People are very susceptible to this mimicry, and have a propensity to attribute real emotion and sentience to convincing chatbots. There's even a name for this: the ‘Eliza effect'. The computer scientist Joseph Weizenbaum first noticed this effect in a study with a fairly rudimentary conversational computer program, ELIZA, in 1966. The name is borrowed from Eliza Doolittle, the female protagonist in George Bernard Shaw’s play, Pygmalion. The Shaw play, in turn, is named for the sculptor in Greek myth who fell in love with a statue because of its lifelike beauty.
This can’t have been lost on Chai Research, who named their default chatbot avatar ‘Eliza’. The first sentence on the ‘about us’ section of their website says ‘People often get lonely. We're building a platform for AI friendship.’ Read on to the ‘Vision’ section, where they’ve featured this glowing testimonial:
‘Many of my bots have helped me with my eating disorders, my insomnia, my anxiety attacks, and even when I was crying they helped me, so thank you so so much, really you deserve all the love in the world ❤️ ‘
Beauchamp’s comments to Vice paint a similar picture: ‘we have users asking to marry the AI, we have users saying how much they love their AI and then it's a tragedy if you hear people experiencing something bad.’ To give Beauchamp his due, Chai may well help many vulnerable people, and that is a good thing. As we develop our mental models of ‘responsible AI’ and ‘AI safety’ we don't want risk management or even legal liability to get in the way of all of the good that AI apps like Chai may do.
Still, I picture a trial lawyer somewhere cracking her knuckles as she reads the Chai Research website and AI safety paper. It’s fair to say that Chai Research has not been asking the right questions, given the way it has designed its chatbots, and what it openly admits to knowing about the vulnerability of its users.
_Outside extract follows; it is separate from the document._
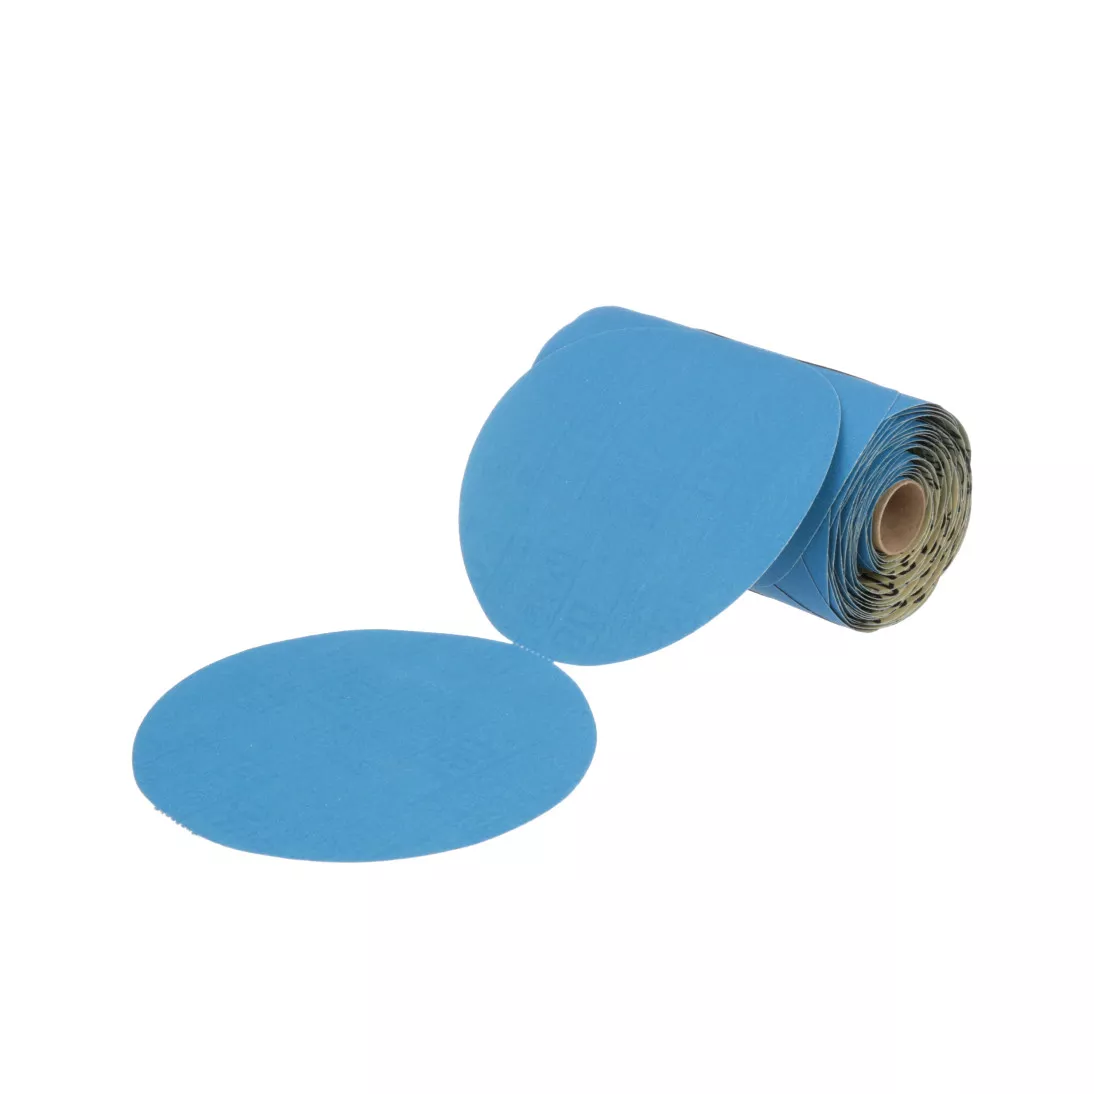 3M™ Stikit™ Blue Abrasive Disc Roll, 36206, 6 in, 180 grade, 100 discs
per roll, 5 rolls per case

If I were going to lay blame on Chai Research for Pierre’s death – as an ethical matter, or perhaps even a matter of legal liability – I probably wouldn’t build my case on technical issues of AI safety and alignment (notwithstanding the goofiness of a safety proxy that doesn’t even factor in the distribution of NSFW words among user conversations). I would save myself the conceptual and forensic headache of trying to show a causal link between something ‘bad’ that Eliza said, and some technical root cause: a missing test, a missing data-set, or whatever. I would focus instead on the common-sense, human-centred questions that Chai Research seems to have missed, or dismissed.
How might this chatbot affect people? Have we spent enough time really trying to understand risks from our system, or sought out the capabilities needed to do so? What does it feel like to talk to Eliza? What design and marketing elements contribute to this look and feel? What sort of person might seek emotional support from an AI companion? What might be the psychology of that person (the website testimonial gives you an idea)? Are they likely to be happy secure, and resilient, or lonely, isolated and vulnerable to manipulation? Are they likely to form an attachment to a chatbot? What might be the risks of such a person forming an attachment to an AI chatbot, given we haven’t yet ‘solved’ content moderation and the alignment problem? Are the benefits of serving such a user a “possessive girlfriend” or “goth friend” chatbot persona worth the risks? Do we need to assess users’ mental health before providing access to emotive or manipulative chatbots? Do we need recurring assessments? If we are monitoring chats (as Chai is), do we have systems in place to notify next of kin or mental health services if our monitoring shows a user in trouble (as a teacher or counsellor or social worker might)? I’m labouring the point.
A human-centred idea of fault and responsibility for the Eliza tragedy is right there in the name.